I’ve worked a bit with linux containers/namespaces, and they are great, very elegant. I only wished there were better userspace tools to make arbitrary adhoc process containers in much the same way KVM could make adhoc VMs, which is exactly why I wrote my own. Containers are pretty easy to work with in code (though at the time I wanted to punch someone over the linux+distro interface breakages, hopefully that’s settled now).
Laurence,
“The issue isn’t with the network breaking out, but services. VMs still borrow services from the host environment (see the example posted below).”
That’s a good link. I couldn’t find the paper directly and alas I didn’t watch the whole video, but I did watch enough to see two interesting tidbits:
1. kvm-intel and kvm-amd (which run in kernel mode) are relatively small and have a small attack surface which makes kernel exploits less likely.
2. qemu-kvm, which was responsible for the exploit and is allegedly the weakest chain is a userspace component.
It’s bad for a VM to have exploits, however in theory it’s still a layer of security on top of the kernel’s own userspace restrictions. So it’s tempting to argue that a *carefully* configured VM might still be more secure even with the risk of exploits.
The cited bug:
https://bugzilla.redhat.com/show_bug.cgi?id=699773
This kind of bug would require root access in the guest, which the web browser in Whonix’s guest VM is unlikely to have. (Yea yea, Whonix doesn’t use kvm…)
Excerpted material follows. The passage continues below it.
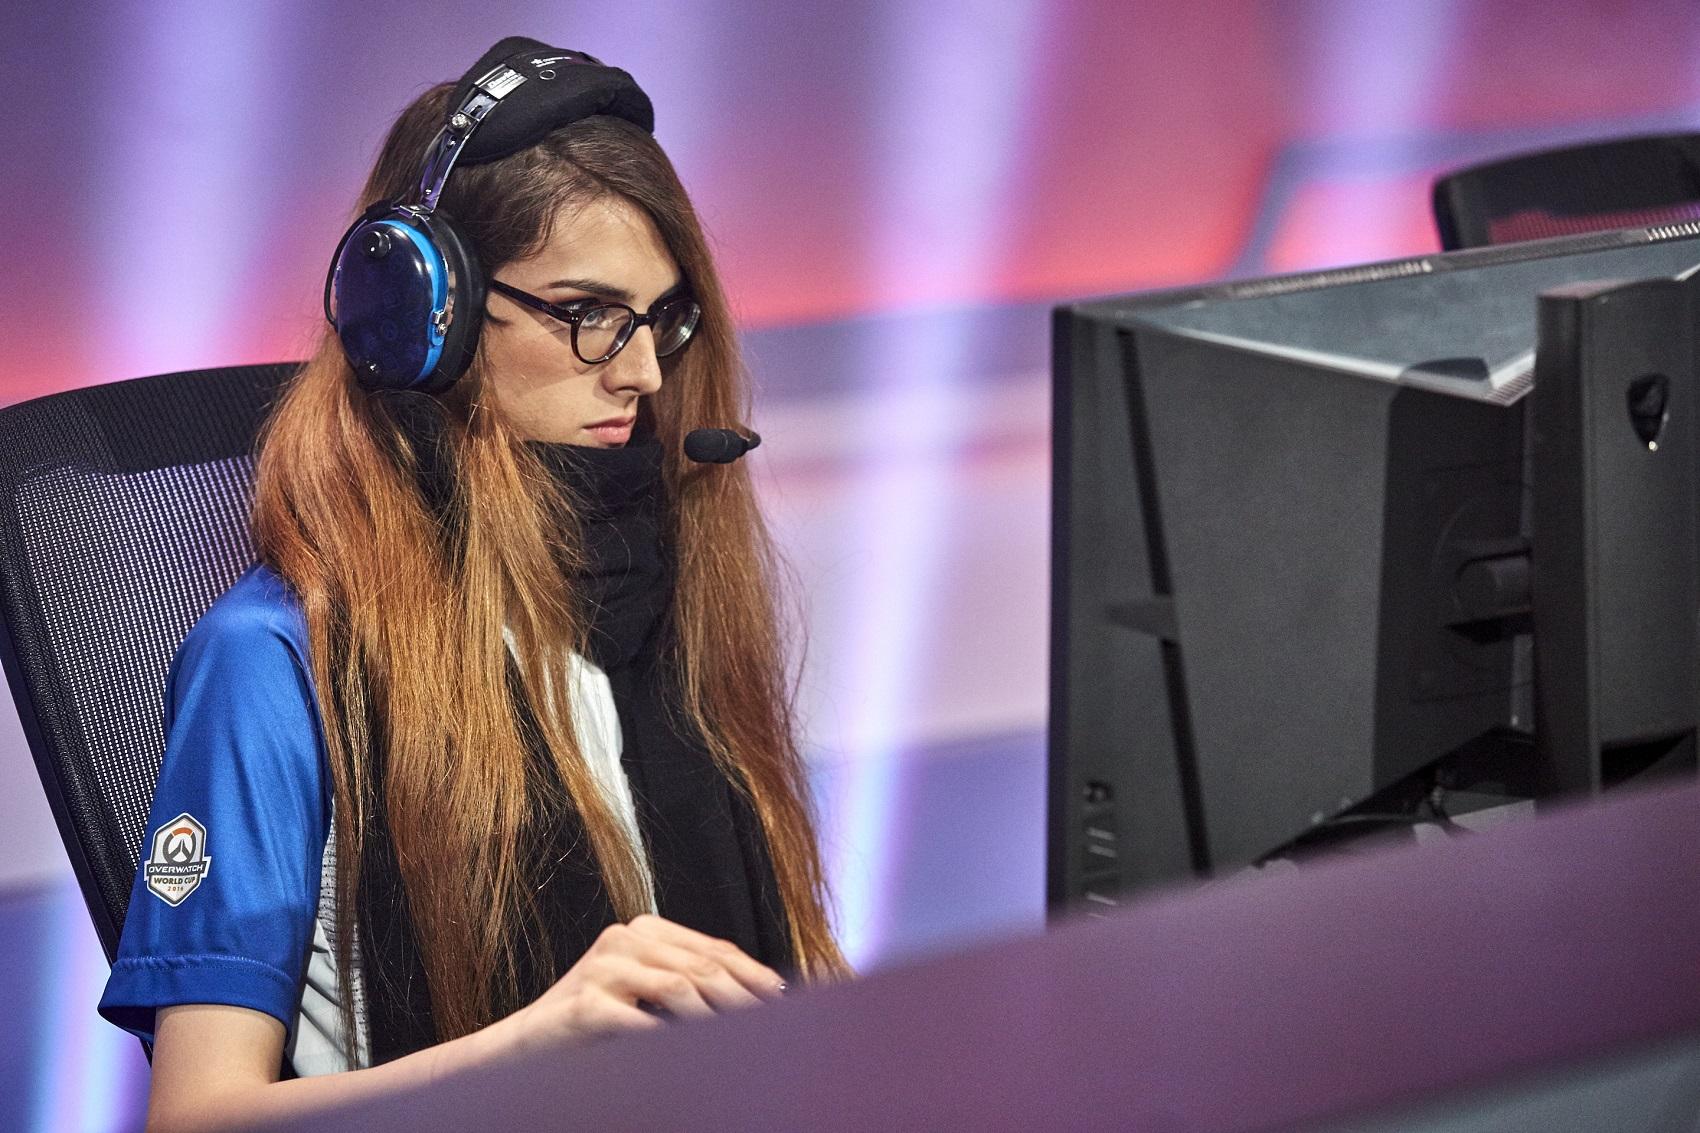 Overwatch: Frauenpower – College gründet eSports-Team nur aus Frauen

Just to state it explicitly, a successful exploit would probably look something like this:
1. Exploit the web browser/plugins to pown guest userspace.
2. Exploit the guest kernel restrictions to gain root.
3. Exploit the KVM to gain host shell access.
4. If host userspace networking isn’t locked down, hacker wins.
5. Else exploit host kernel to gain host root.
6. Hacker wins.
“Not all hardware supports extensions and paravirtualisation will always perform faster than hardware emulation.”
Of course, that’s the reasons the virtual IO drivers are designed to allow IO without actually emulating hardware. But I don’t deny that a native host processes will be more efficient than a VM.
Edit: Consider Windows running virtual IO drivers under a VM even though it’s not a paravirtualized OS.
“Don’t get me wrong, VMs do have their place too – I’m not trying to argue that containers are the holy grail of virtualisation (though technically not virtualisation), but I honestly do think containers are a massively underrated and overlooked tool”
I don’t disagree with this at all.
Edited 2013-02-04 05:30 UTC
Some excellent points there.
There’s definitely more to this than first meets the eye.
So how are you supposed to, say, connect to your bank in your web browser?
Do you use the host environment directly for your everyday activities, and whonix-workstation only for, say, “hacktivism” and other controversial, dangerous stuff, or do you use whonix-workstation for everything?
I guess it must be the former, because malware could do a good deal of damage without having your real IP address. And that includes revealing your identity.